Published 25-Oct-1992 in the Denver Post
Copyright ©1992 by Ed Quillen. All rights reserved.

Last summer I was afraid that Ross Perot would force me to vote for Mike Callihan for Congress, now that redistricting has us in the Third District, rather than the rotten-borough Fifth, a sinecure for rabid right-thinkers.

At the time, Perot threatened to get enough electoral votes to send the presidential election into the U.S. House of Representatives.

There, each state would get one vote. If the Colorado delegation held a majority of Republicans, that vote would understandably go to George Bush. The more Democrats in the Colorado delegation, the less chance of four more years of jackboot judges, hate-mongering, poll-driven wars, family-value hypocrisy and similar horrors.

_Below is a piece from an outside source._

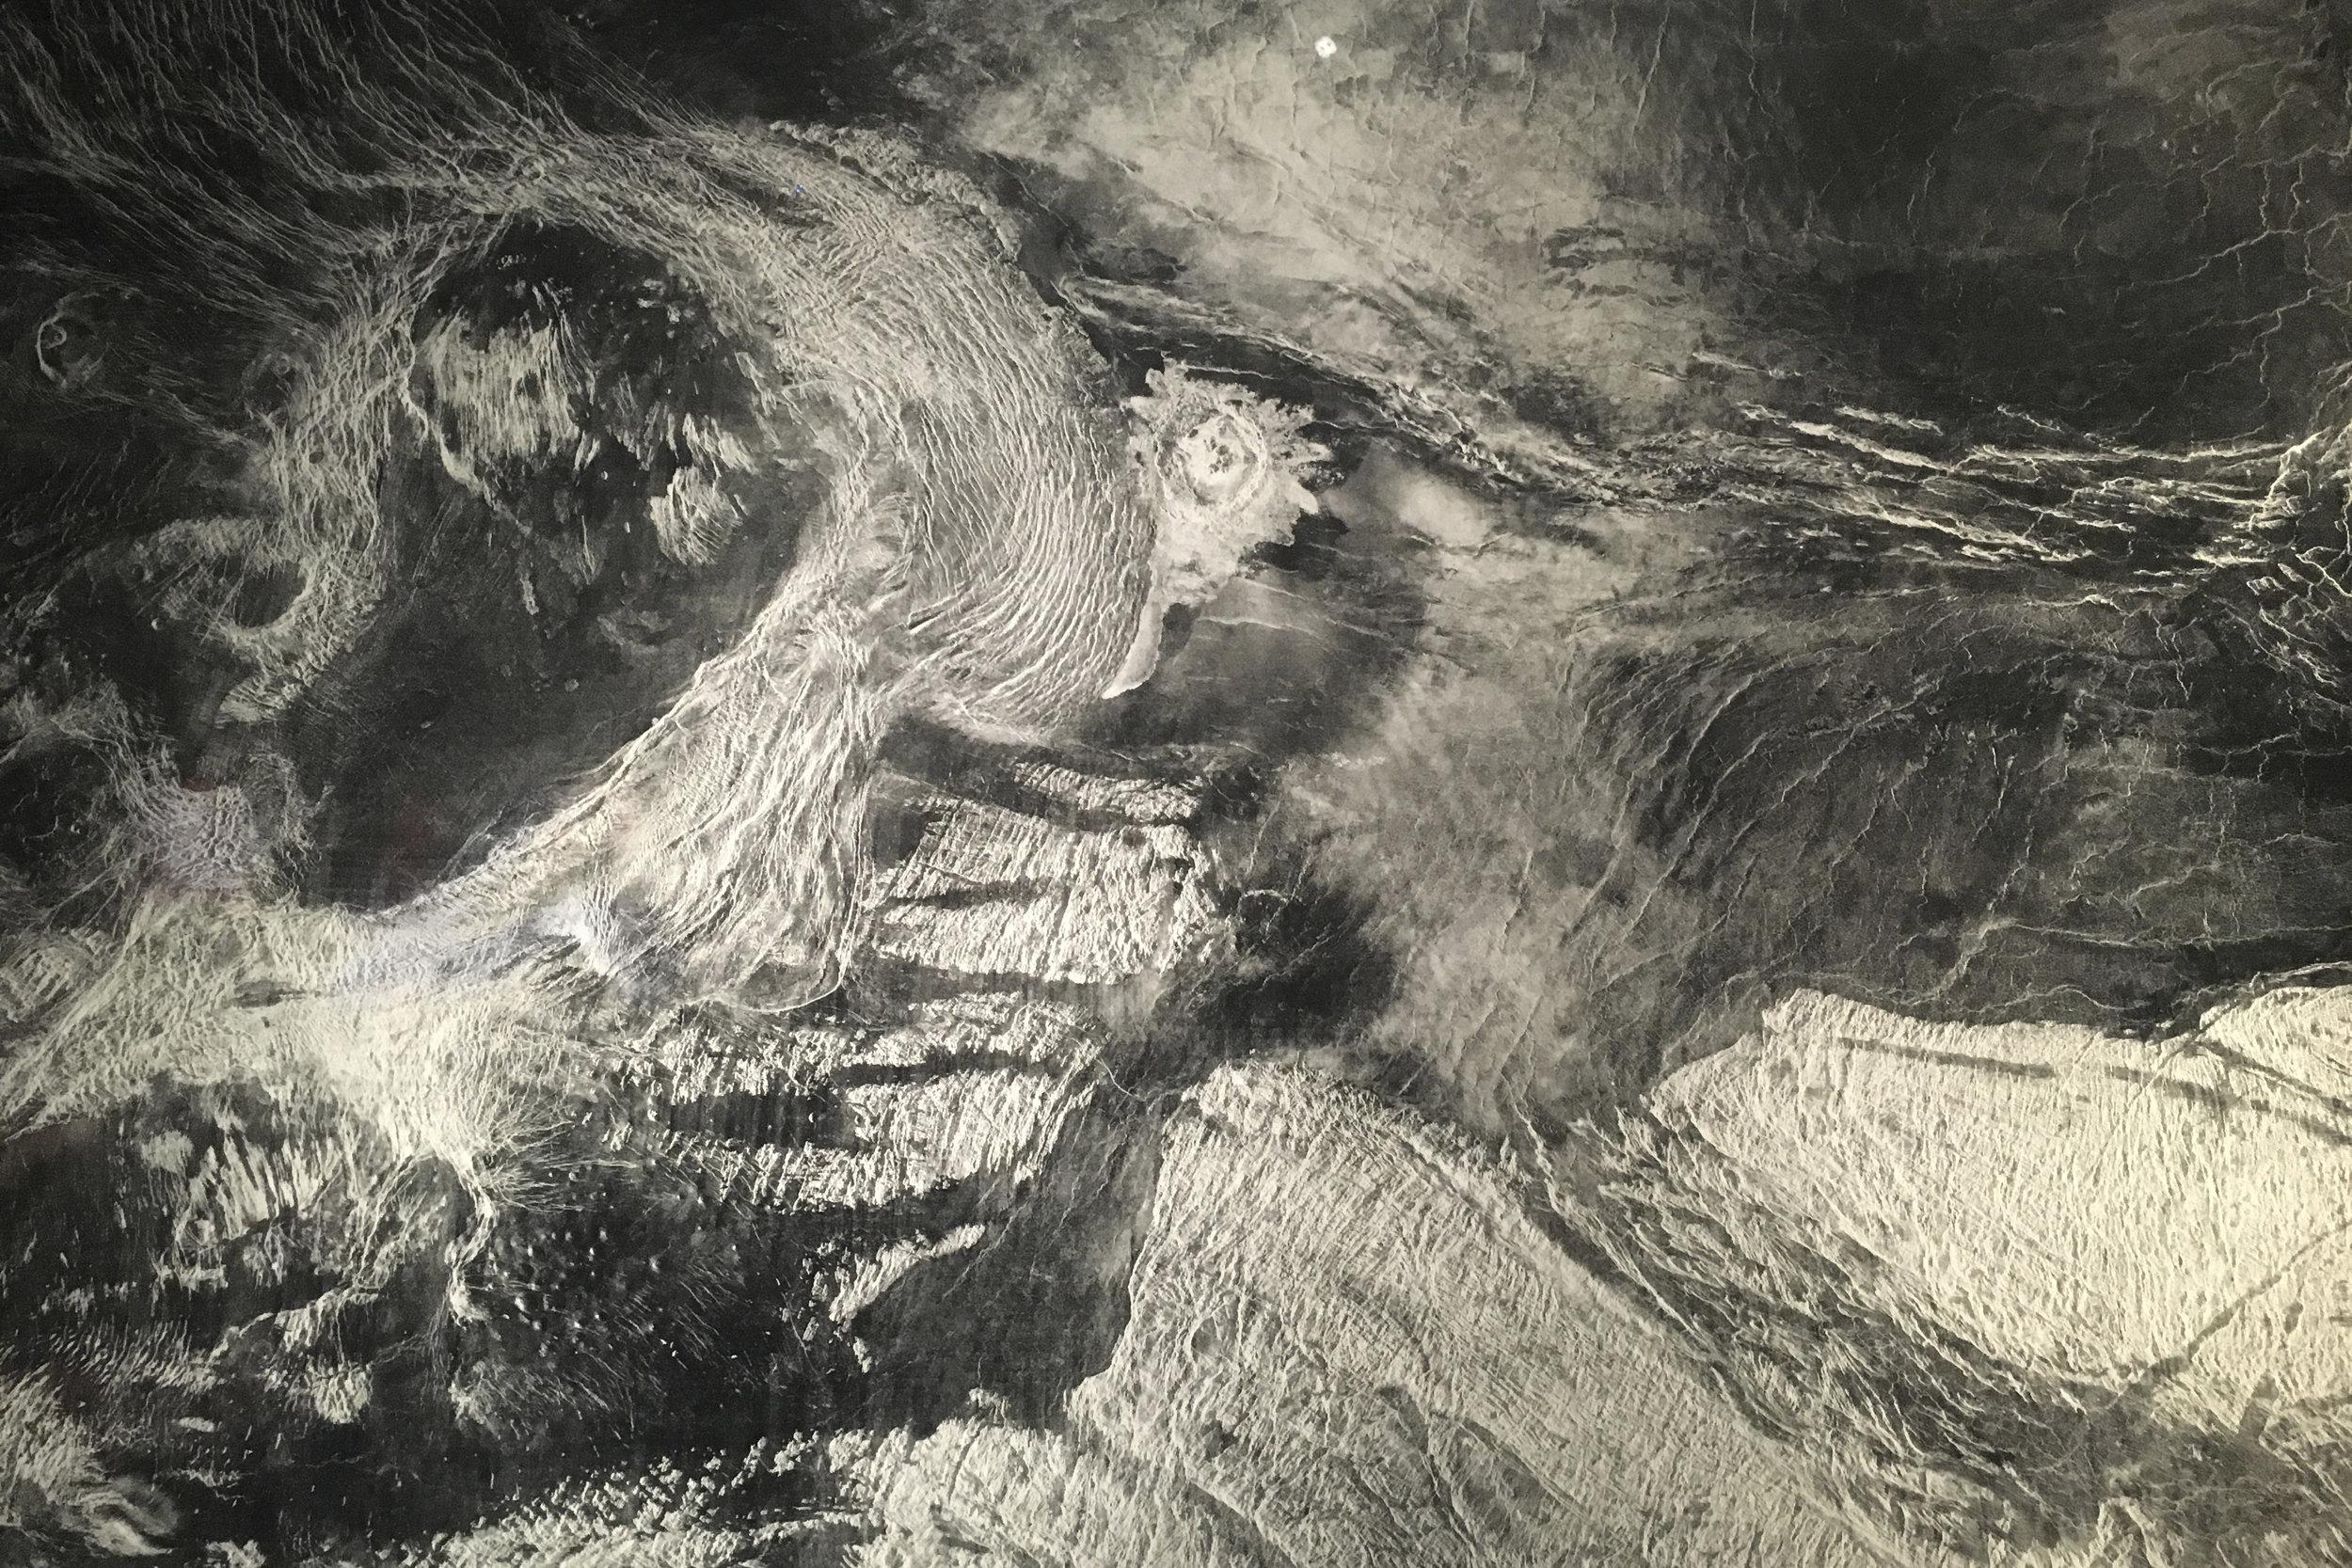 Michael Benson  Radar image, Magellan, Sept. 15, 1990 – Sept. 14, 1992 ( 2003). Photo: Stephen Bennett, taken at  Otherworlds  Exhibition, Natural History Museum, 2016. Artist's original works available here:http://michael-benson.net/author/michael/

Fortunately, Perot doesn't appear likely to carry any state, so there's little chance of the election going to the House. Thus there is no reason to vote for Callihan.

I've watched Callihan since about 1980, when he ran for state senate from these parts. He was from Gunnison then.

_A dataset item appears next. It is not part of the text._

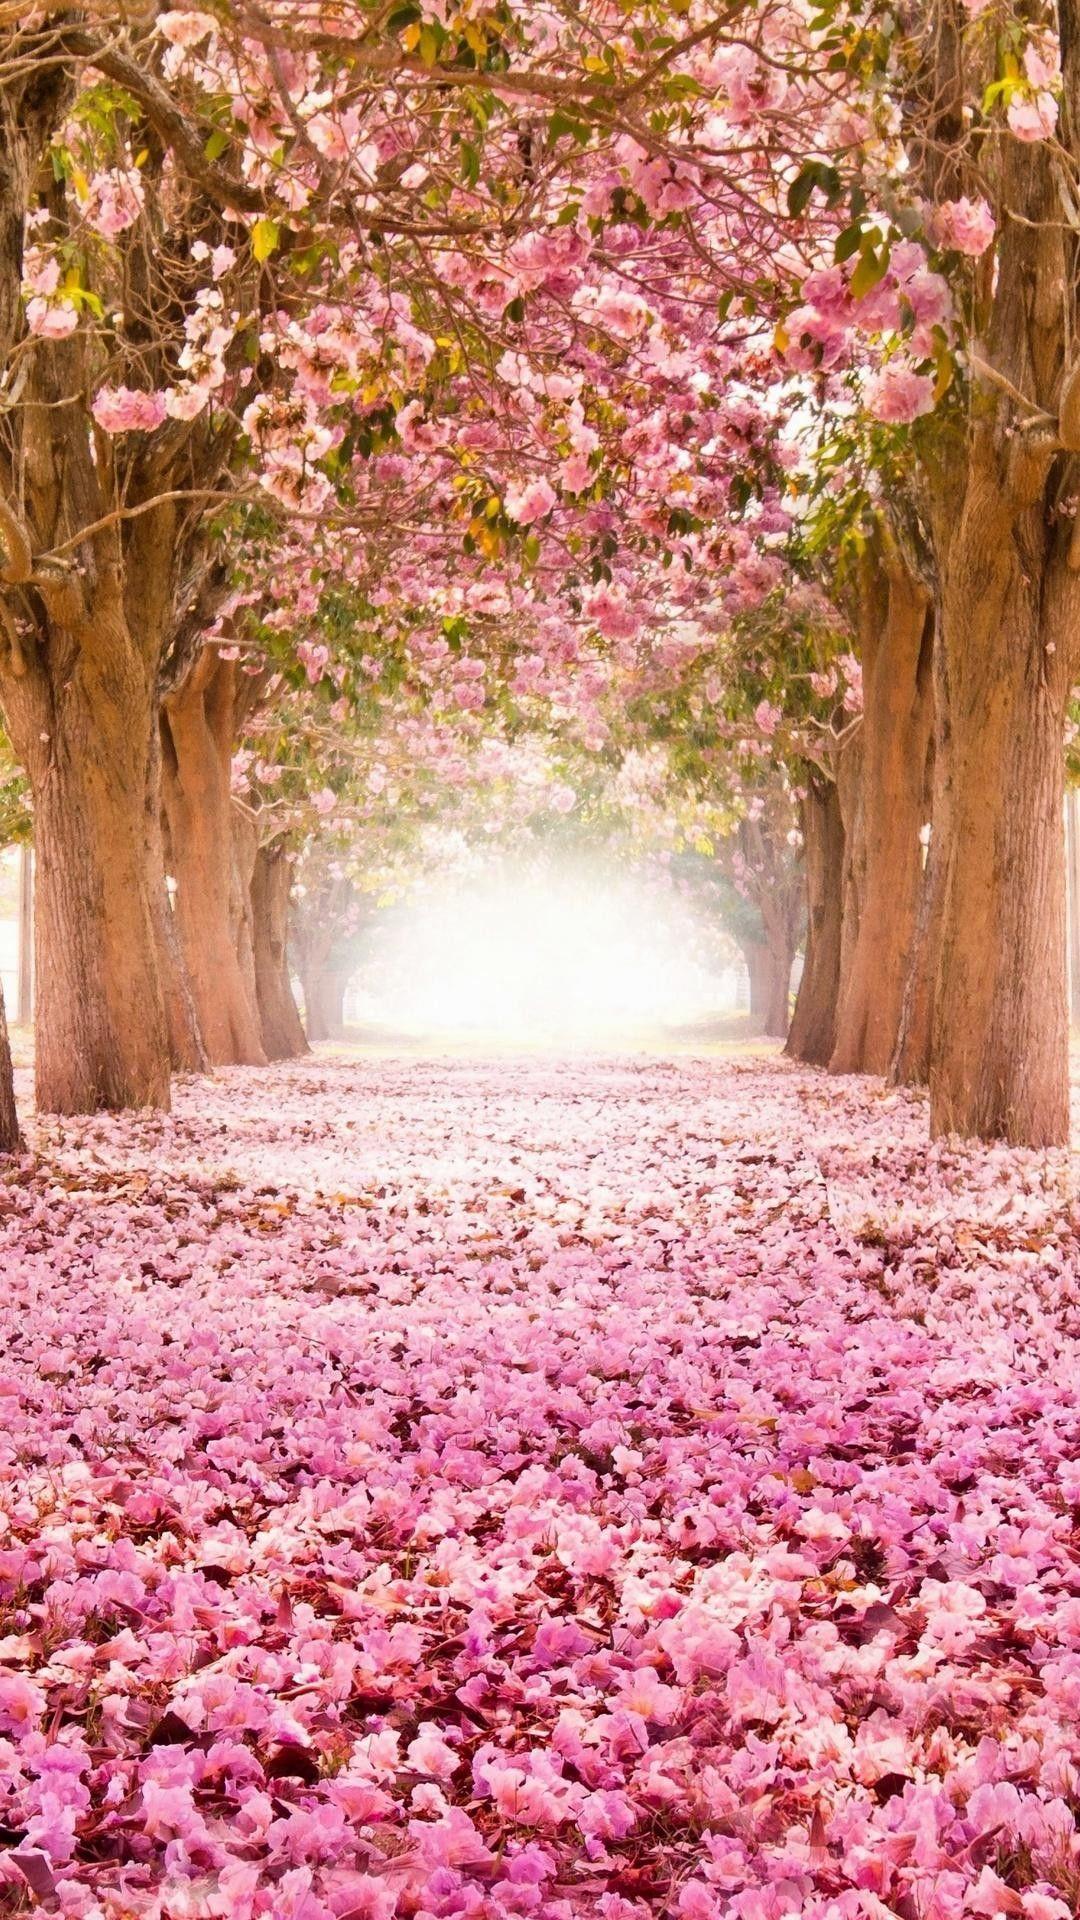 Mobile Iphone Flower Nature Wallpaper Wallpaper Hd

Rural areas need effective representation, people who can stay the course and build coalitions. But Callihan wasn't all that concerned with representing us, empowering us or making sure we got treated fairly.

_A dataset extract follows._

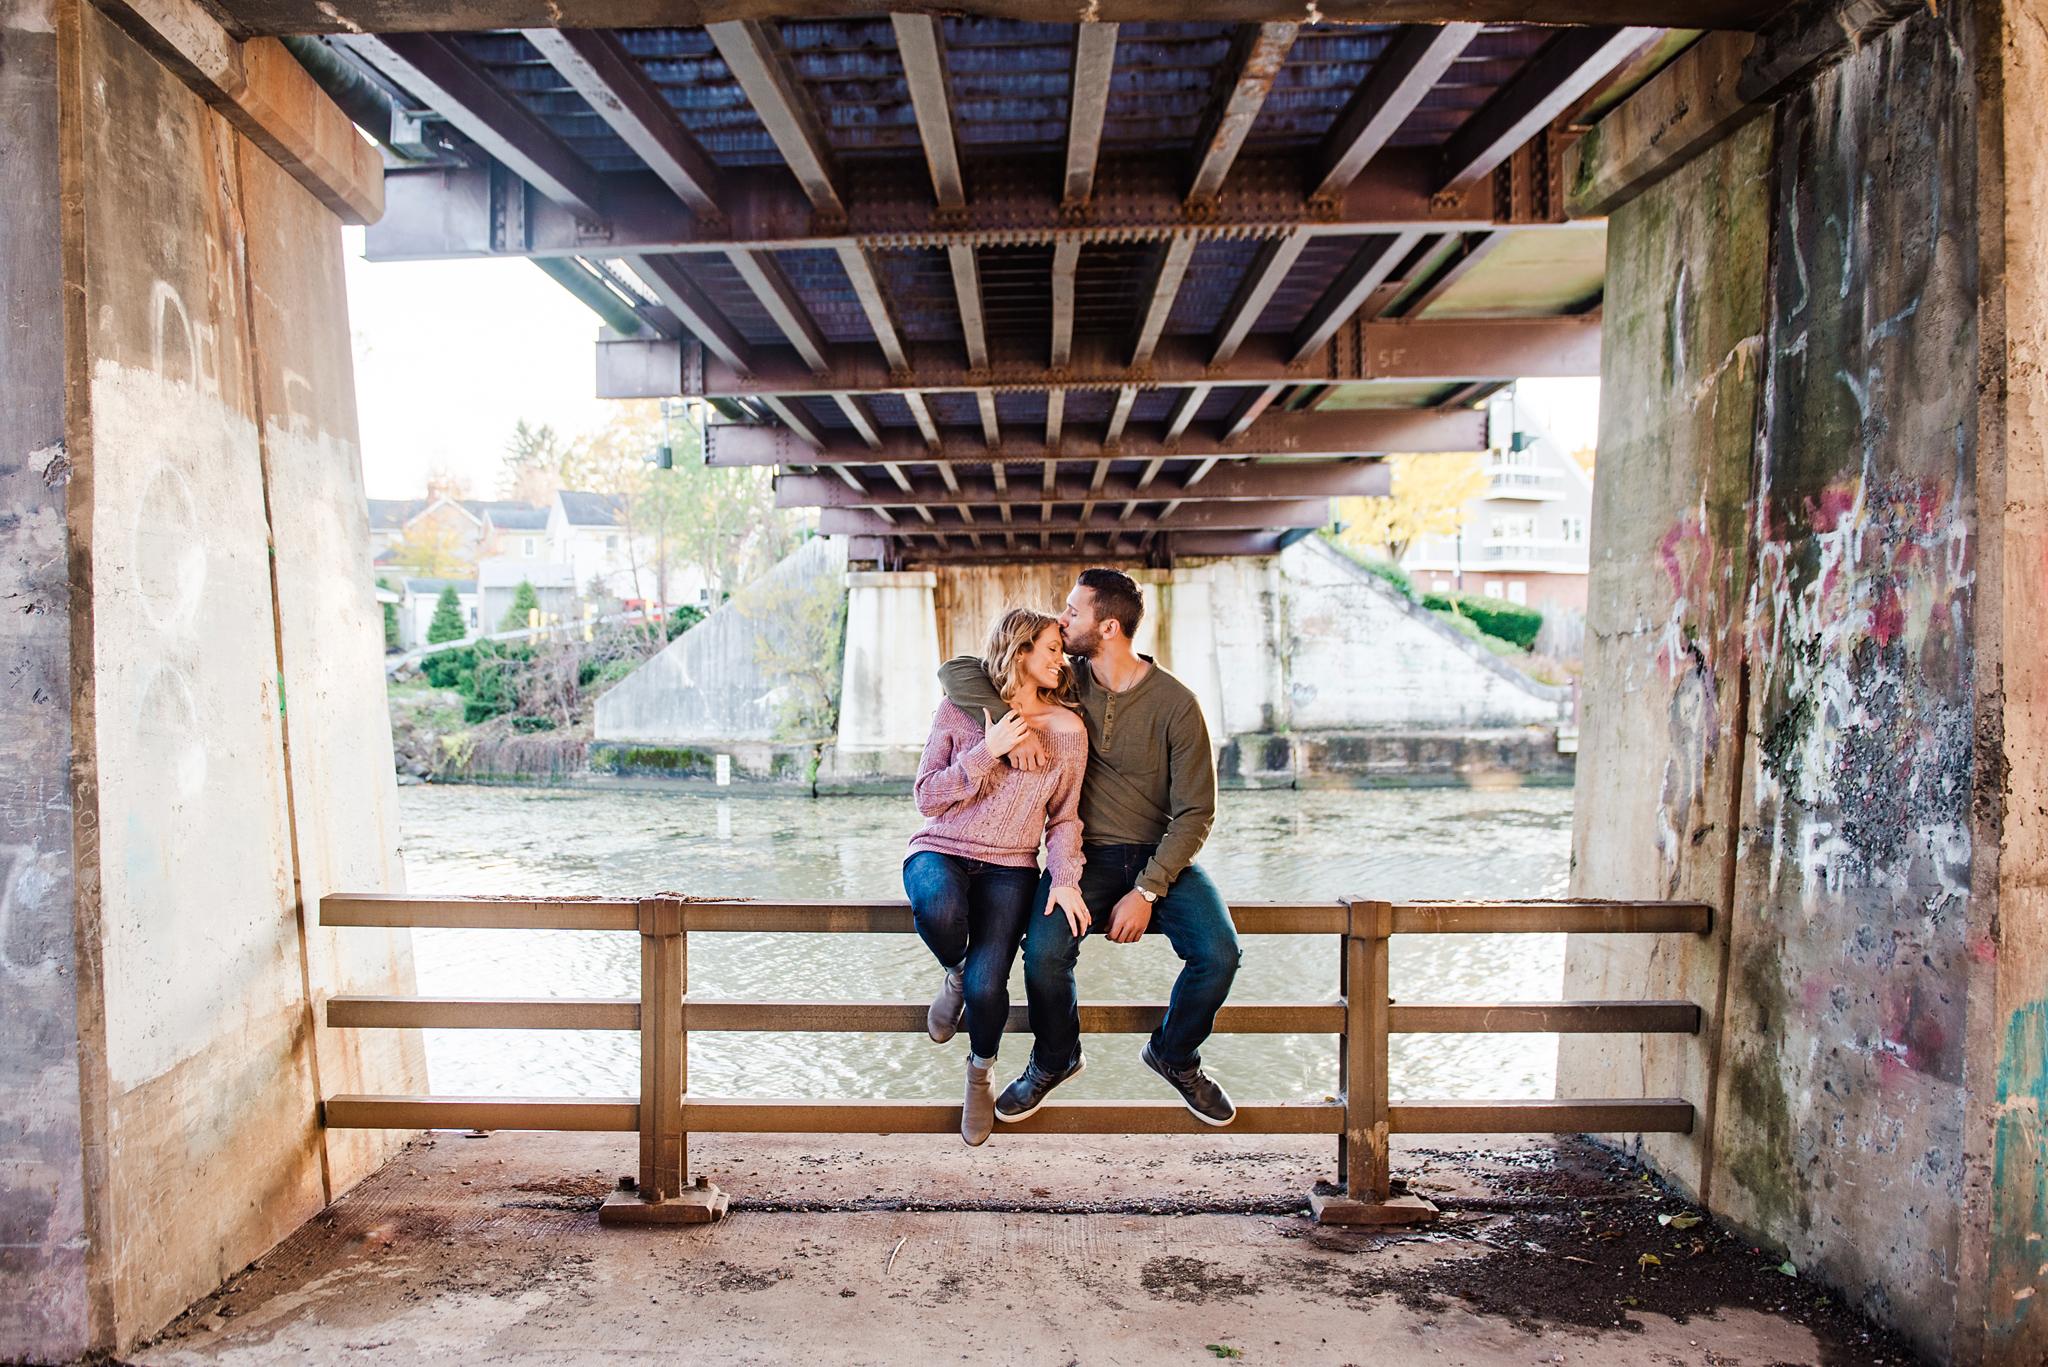 Village_of_Fairport_Rochester_Engagement_Session_JILL_STUDIO_Rochester_NY_Photographer_DSC_8558.jpg

He was just climbing the career ladder. As soon as there's an opening, he jumps -- lieutenant governor in 1986, and now Congress.

Callihan is the Colorado Democratic party's answer to George Bush -- personable, but also a walking definition of shallow and opportunistic. Further, the Republicans have an energetic, capable candidate in Scott McInnis.

The only complication of a McInnis landslide is that it will not terminate Callihan's political career. He'll be lieutenant governor for two more years, which gives him time and connections to try for something else. Callihan has been defeated before; like a bad penny, he returns. Again he's like George Bush, who lost senate races in 1964 and 1970, but still maintained a political career.

Our best hope is that Clinton wins, so that we have a president with jobs for defeated Democrats, no matter how undeserving. Callihan can get a patronage job in some federal agency. He will move to Washington, just as he moved to Denver from Gunnison. If we're lucky, he'll evolve into an alligator-shod lobbyist and we'll never hear of him again.

Then there's the U.S. Senate race. It shouldn't be hard for me to decide between Ben Campbell, whose views I generally support, and Terry Considine, whose views I generally oppose, but it is.

I should feel more enthusiastic about Campbell; for one thing, it's about time we had a senator with a pony tail so that our senate would look more like the America we live in and less like a country club.

But Considine is an outgoing fellow with a lot of interesting ideas, and he likes to argue those ideas. He's been effective in implementing some of them, like term limitation. Despite appearances, I don't think he's just a mouthpiece for big money or for the Republican right. I think he's someone we need in politics, even though I may not often agree with him.

If Campbell had run something other than a desultory, lackluster campaign, the decision would be easy. If Considine didn't come with all the Armstrong and real-estate and pro-life baggage, again the decision would be easy. And, damn it, there's no Libertarian running for senate.